== Supplied material

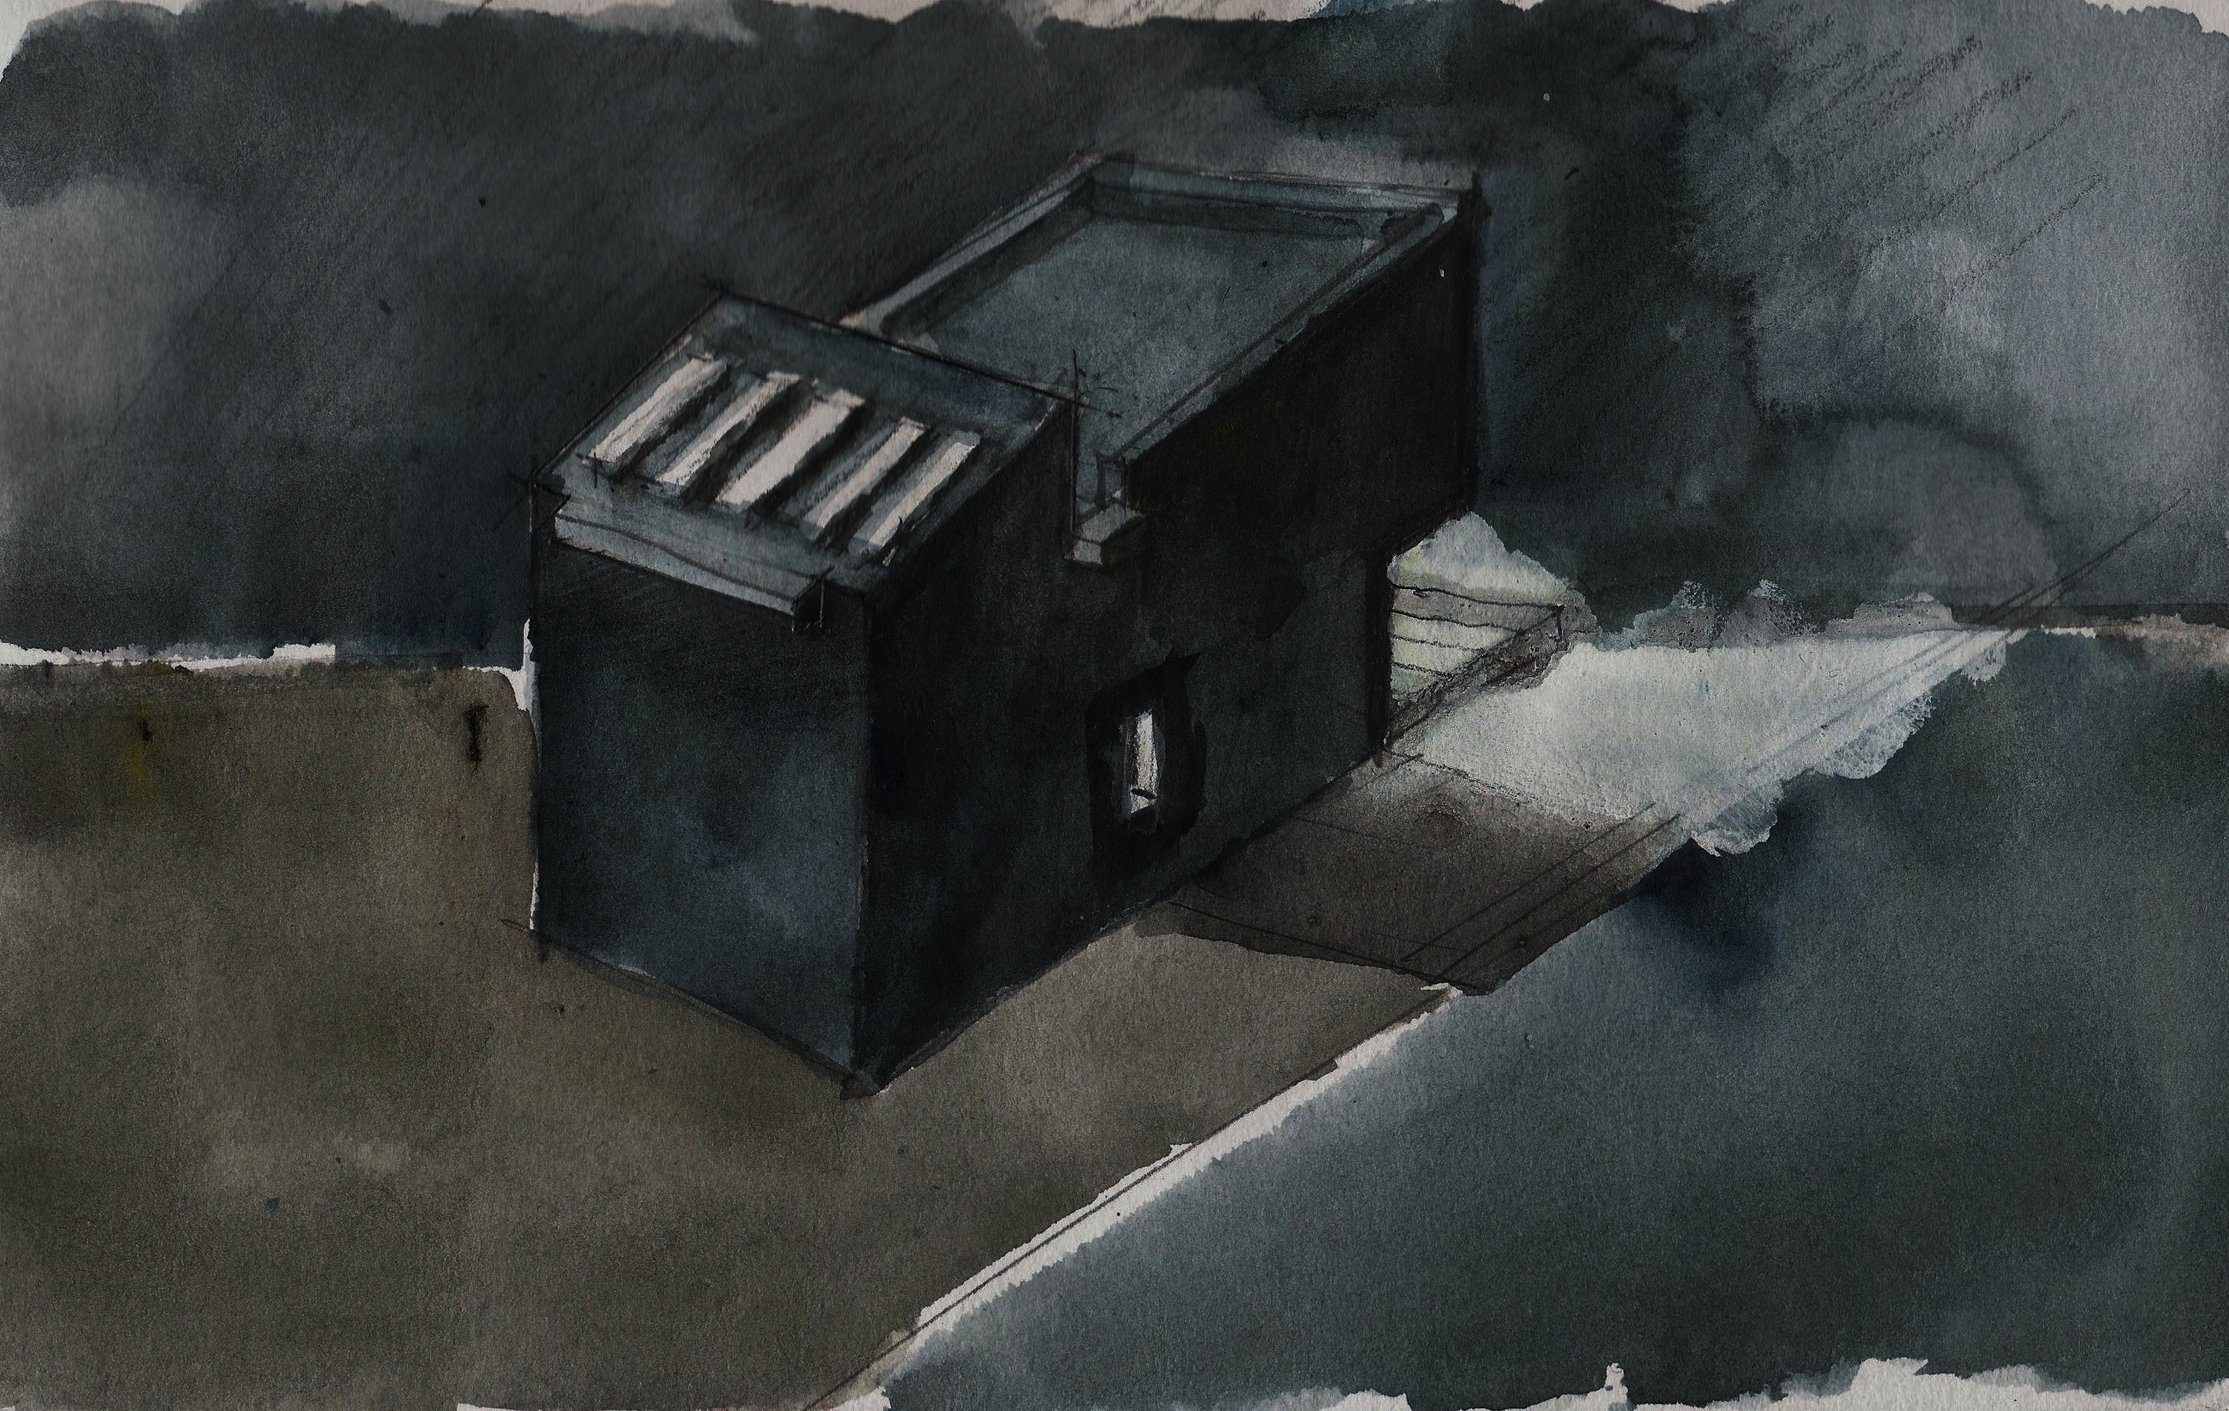 2012.02.12 T_S sketch 001.jpg
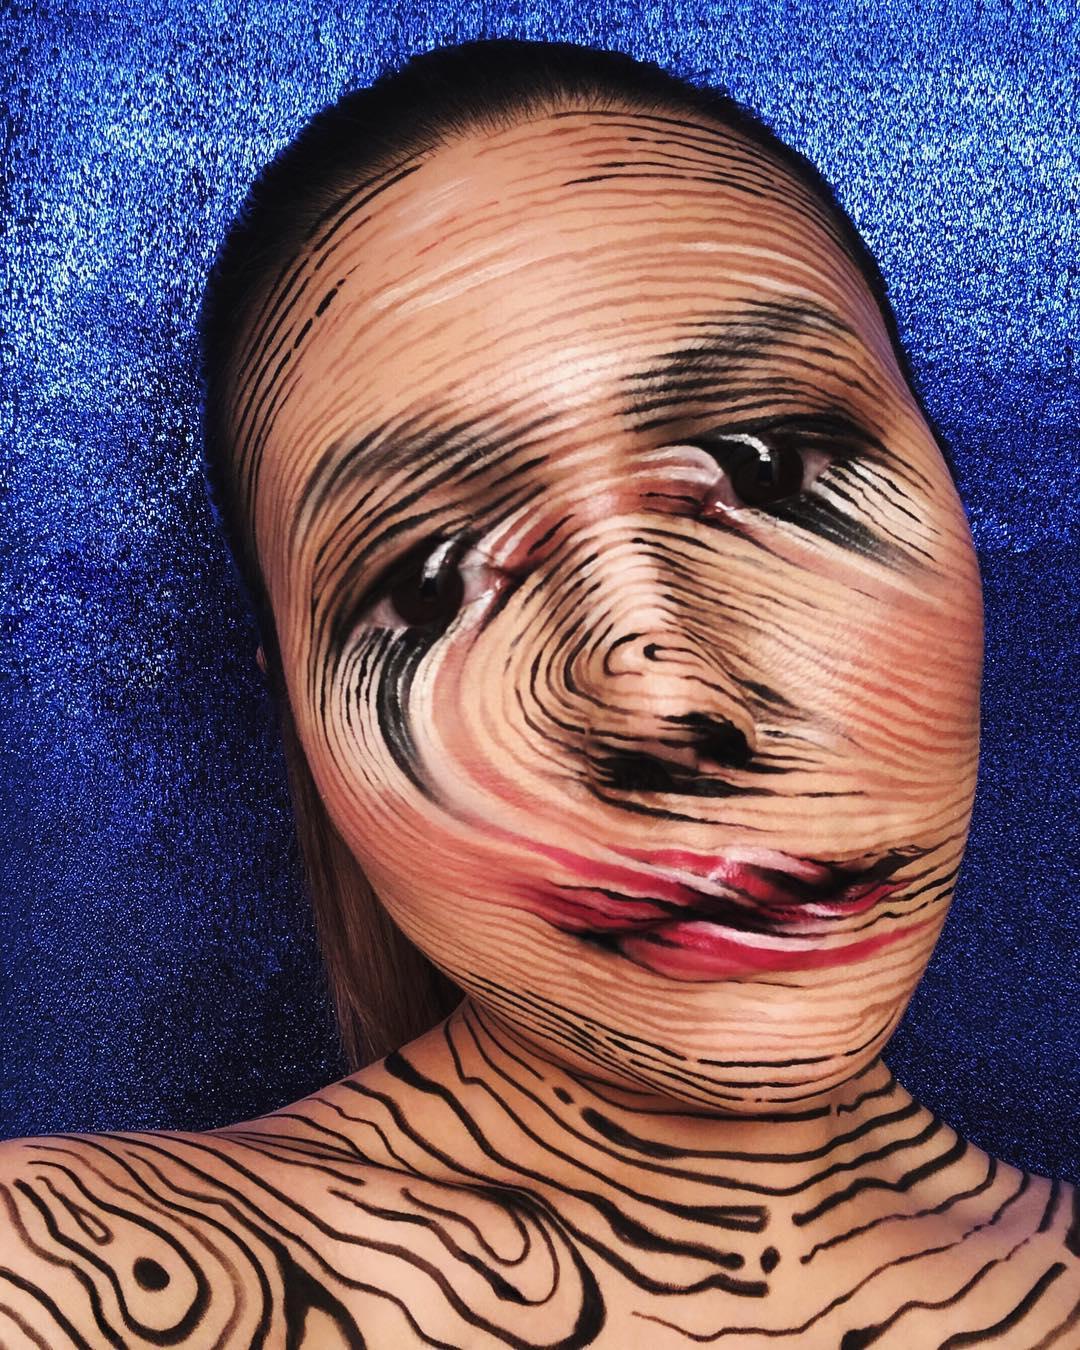 Mimi choi maquillaje ilusion optica (19)
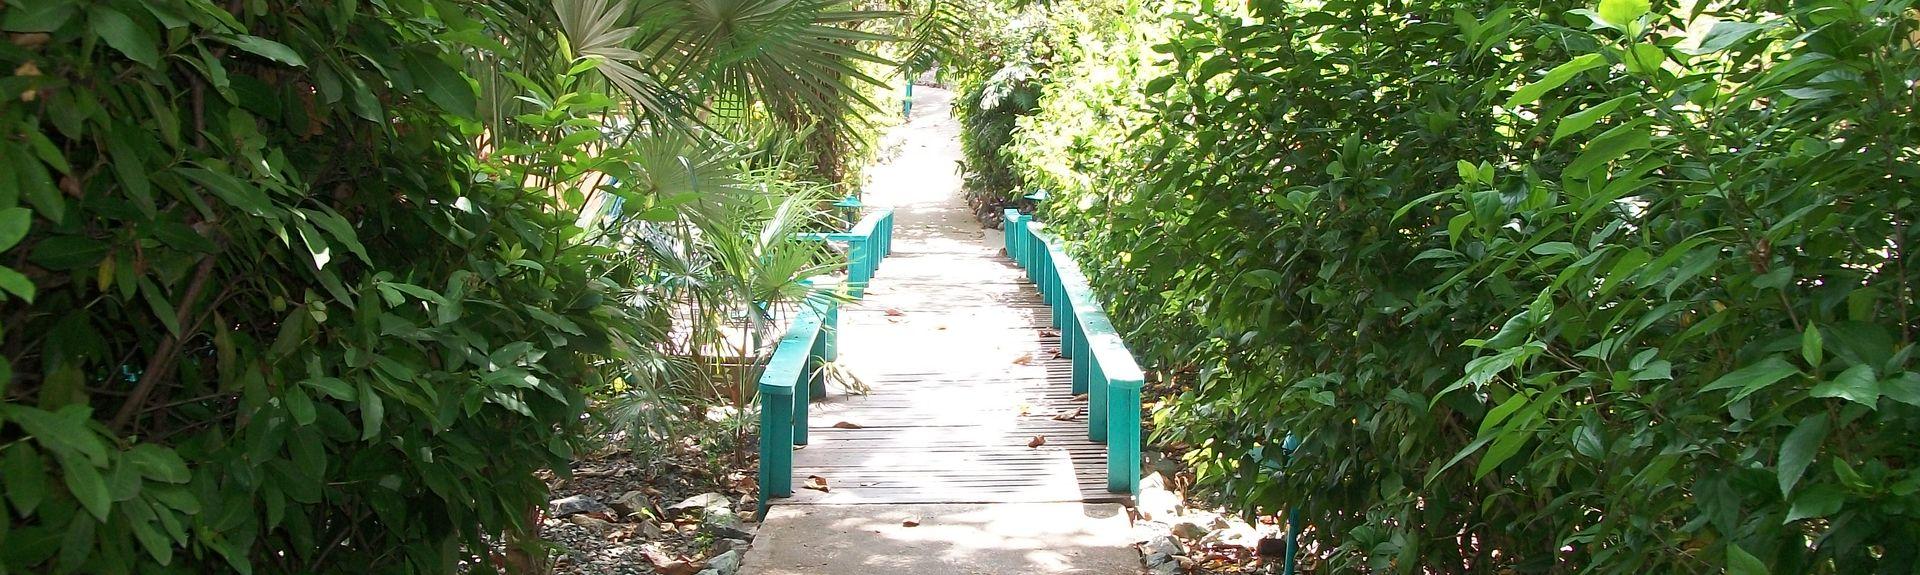 Smith Bay, St. Thomas, US Virgin Islands
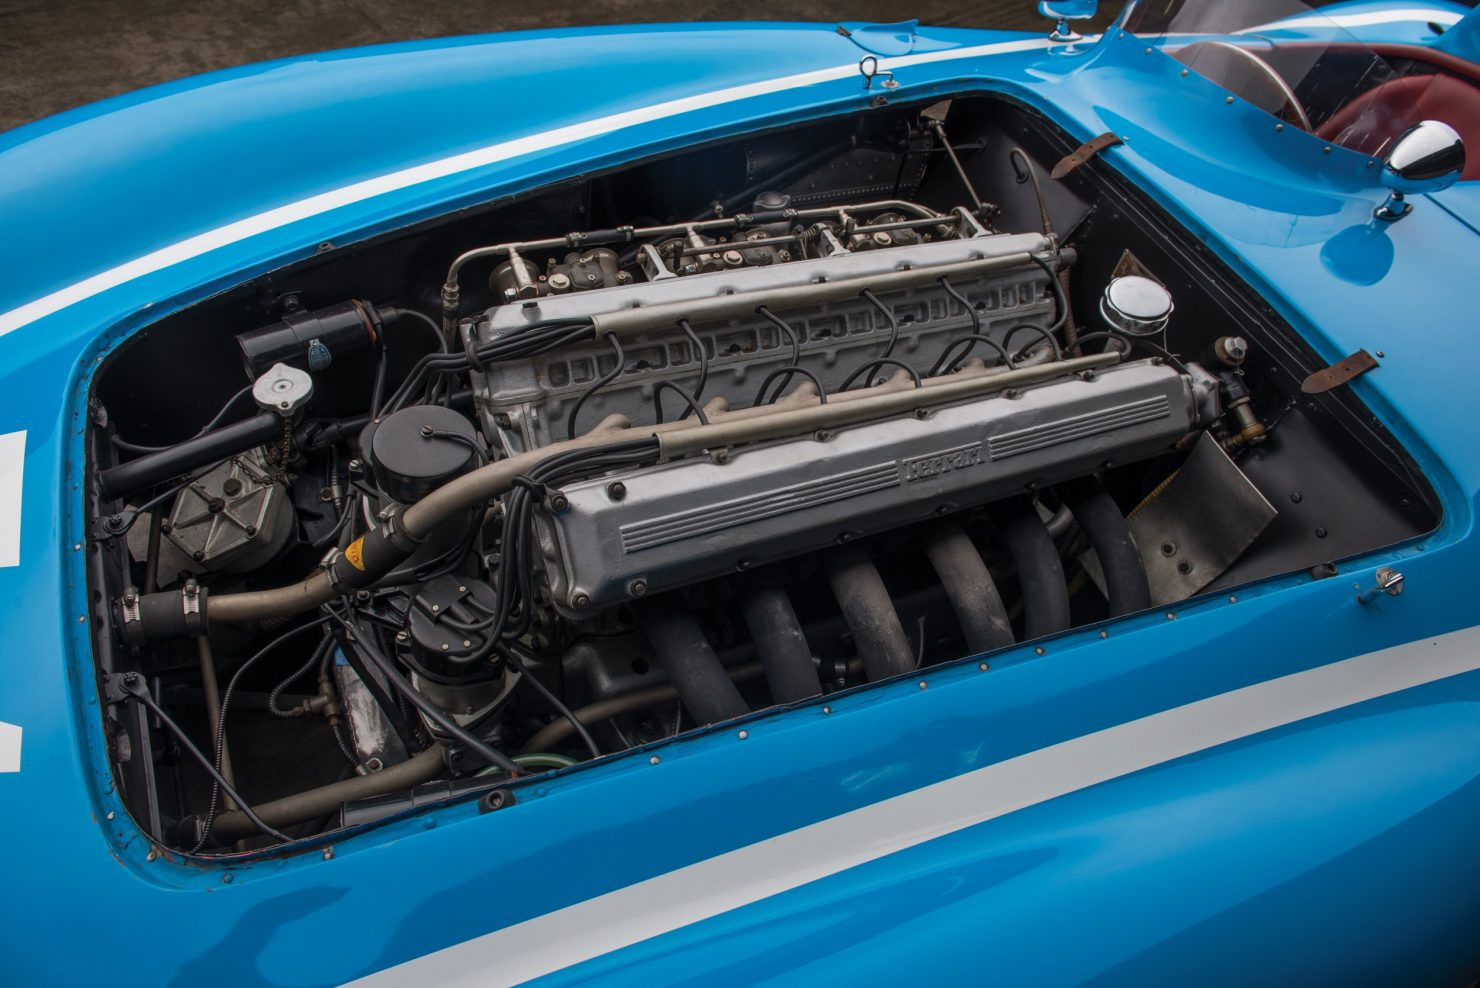 ferrari 121 lm spider 15 1480x988 - 1955 Ferrari 121 LM
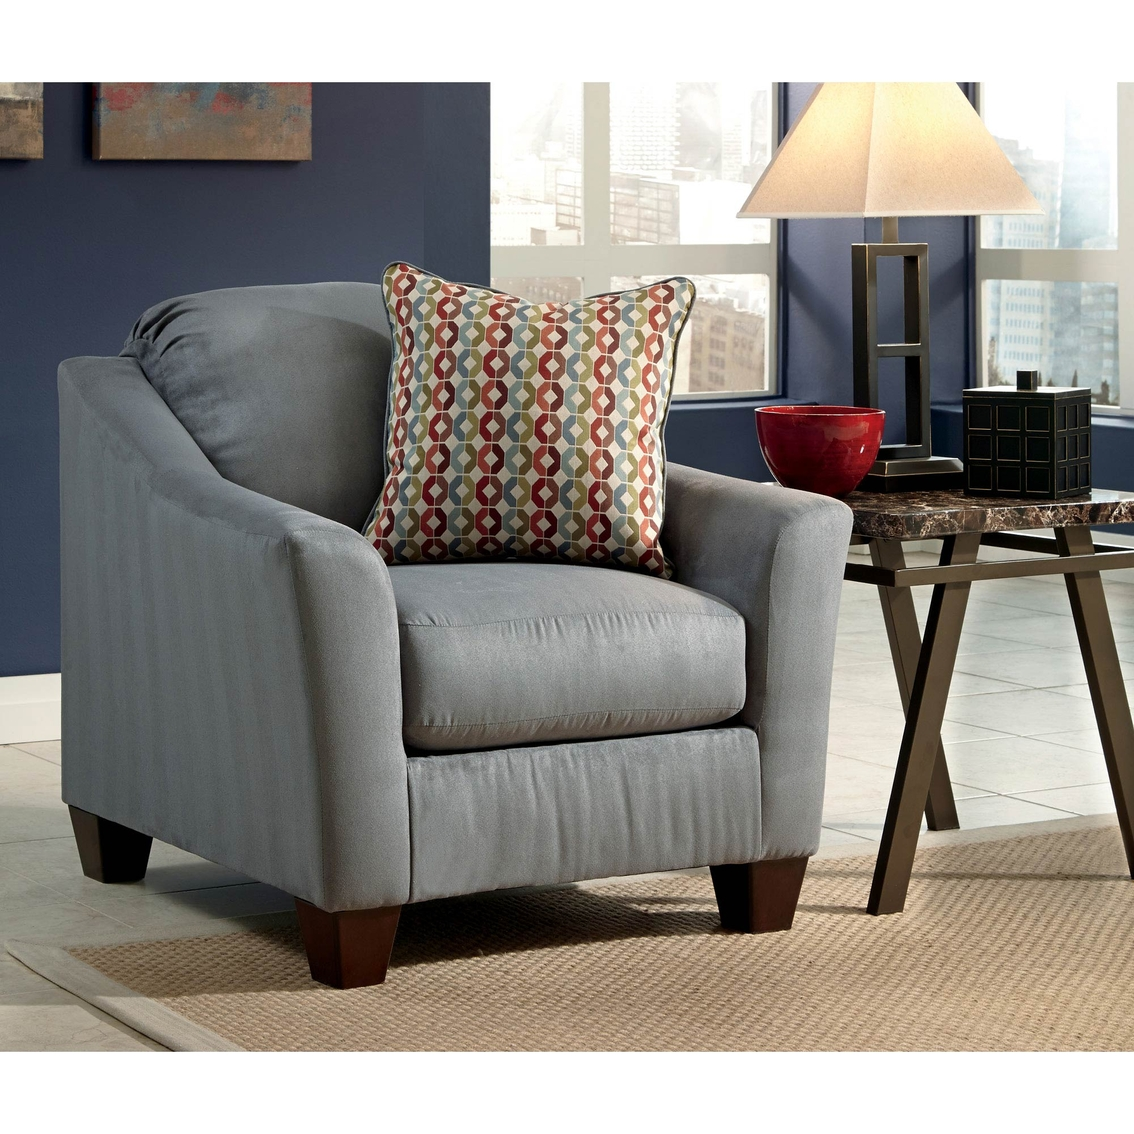 Ashley Furniture Online Shopping: Ashley Hannin Chair

====

• [Task statement]:
Exact copy, no pictures: please print the data above once more.

• [Task answer]:
 2012.02.12 T_S sketch 001.jpg
 Mimi choi maquillaje ilusion optica (19)
 Smith Bay, St. Thomas, US Virgin Islands
 ferrari 121 lm spider 15 1480x988 - 1955 Ferrari 121 LM
 Ashley Furniture Online Shopping: Ashley Hannin Chair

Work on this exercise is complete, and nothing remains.